Are you killing your chances in the first two seconds?

How many prospects visiting your website have never heard of your company before? If you’re a household name, the number might be very small, but for most businesses, it will be alarmingly high, especially if you’re in a competitive market and they’ve found you just by typing “widget suppliers” into Google.

Of course, your website analytics can tell you how many visitors have never been to your site before, but that’s not the same as knowing how many hadn’t previously heard of you. That’s a figure you’ll probably never know, but it’s bound to be significant.

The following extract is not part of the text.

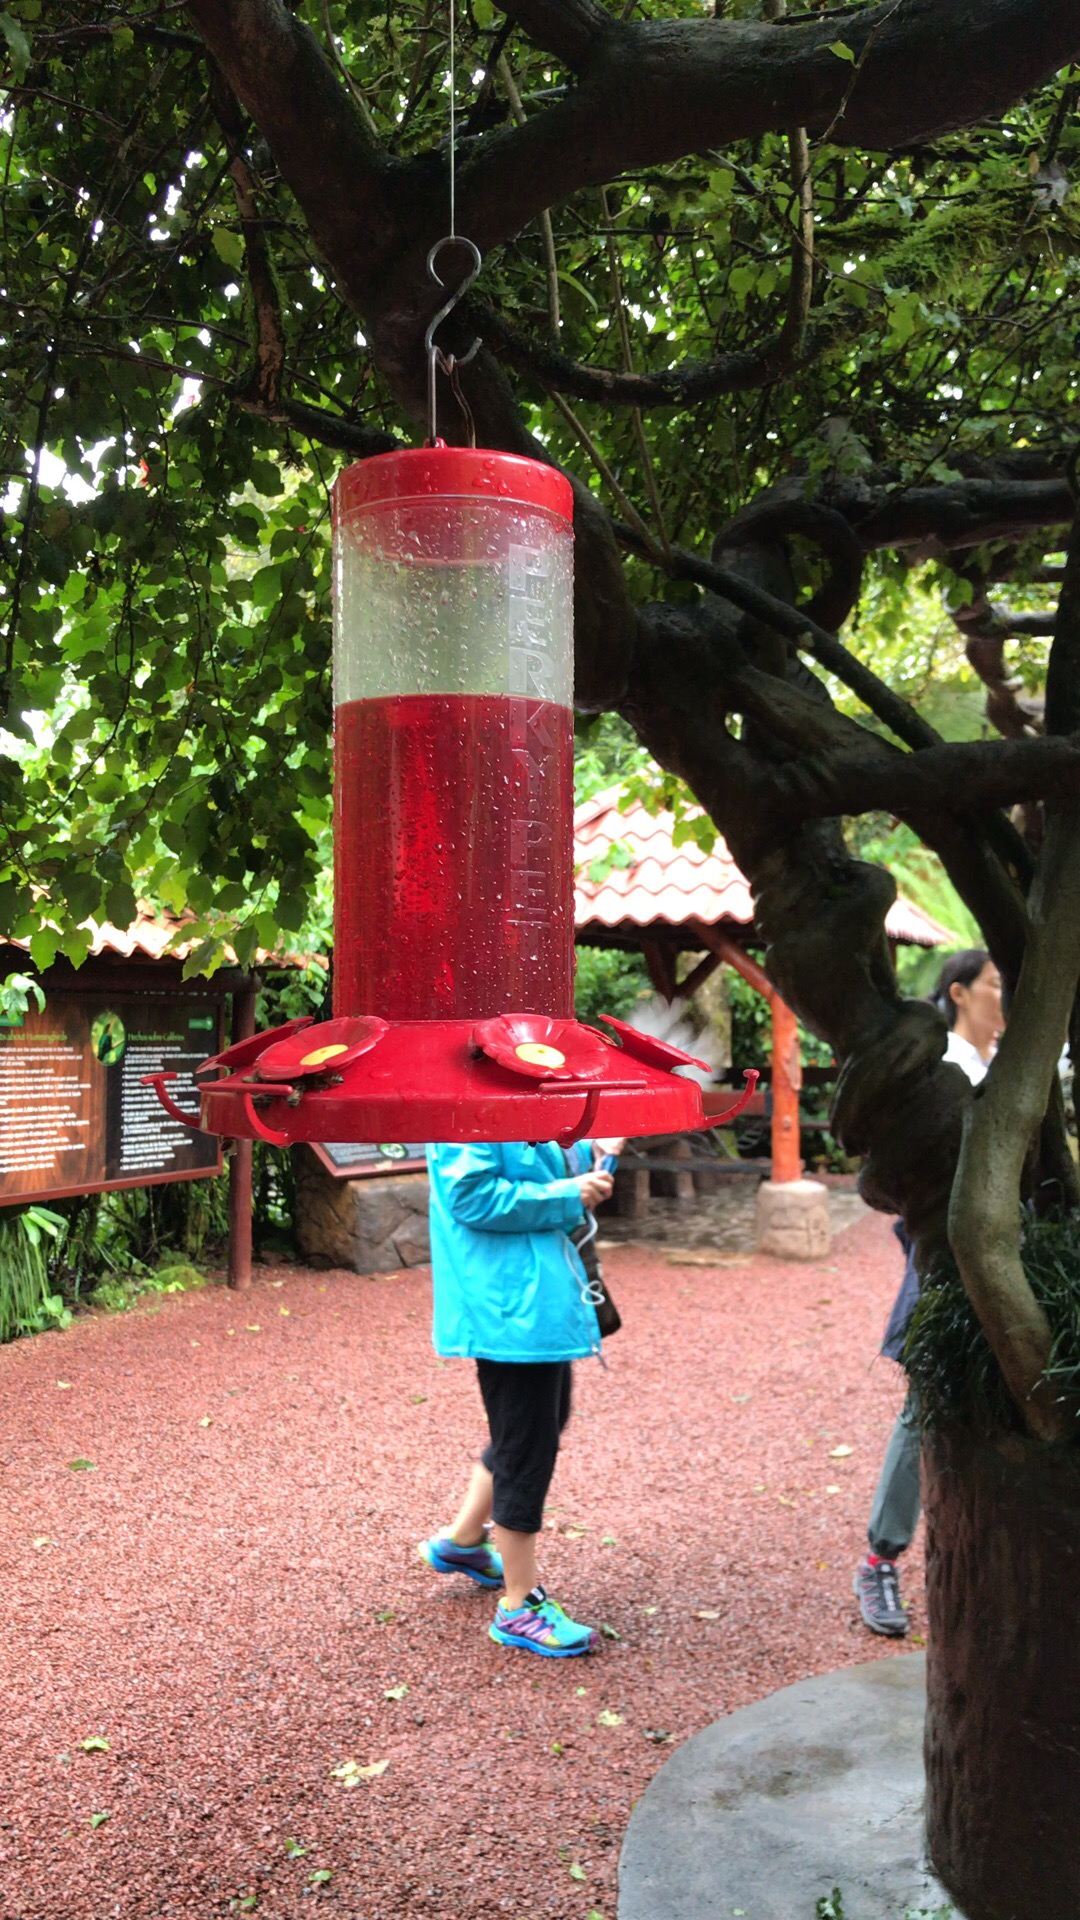 【哥斯达黎加旅游】和平瀑布花园 看蜂鸟吸蜜 可爱的小生命！  🌟专注提供秘鲁及中南美国家中英文线路游

So what do we need to say to these people? I think there are three things which it’s essential to convey at a glance. The first is simply who you are and what you do. Look how Stowlin Croftshaw, Krüss or Control Integration have website designs which instantly lead the eye to the company name (shown clearly), a statement of what they do, and – if relevant – where they operate. That should all take place in the first second of a prospect visiting your website.

Simultaneously, the website needs to imply, by its design, that you could be the sort of organisation a prospect would want to do business with. Now that even your local kebab shop has a great-looking website, it’s hard to use design alone to position yourself as a serious professional company. But it’s easy to look like a garden-shed operation with outdated design.

Finally, you need to answer the question all visitors who’ve never heard of you are going to be thinking, which is: can I trust these people? Assuming you’ve kept their attention past the first second, the one sure way to do this is to demonstrate that you’ve been in business a while and have existing customers (assuming that either or both of those are true). I always think the best way of communicating this quickly is the string of customer logos, but if that’s too hard to organise, why not link directly to some case studies you’ve got on the site? “As used by” is a hugely undervalued marketing phrase. Failing that, at least just state prominently anything which might inspire confidence, such as: “Over 2,000 customers in the UK” or “Supplying widgets to the UK engineering sector for 25 years”.

First impressions are everything, and you have just a couple of seconds to convince skeptical prospects who haven’t heard of you before that they’ve just made a great discovery.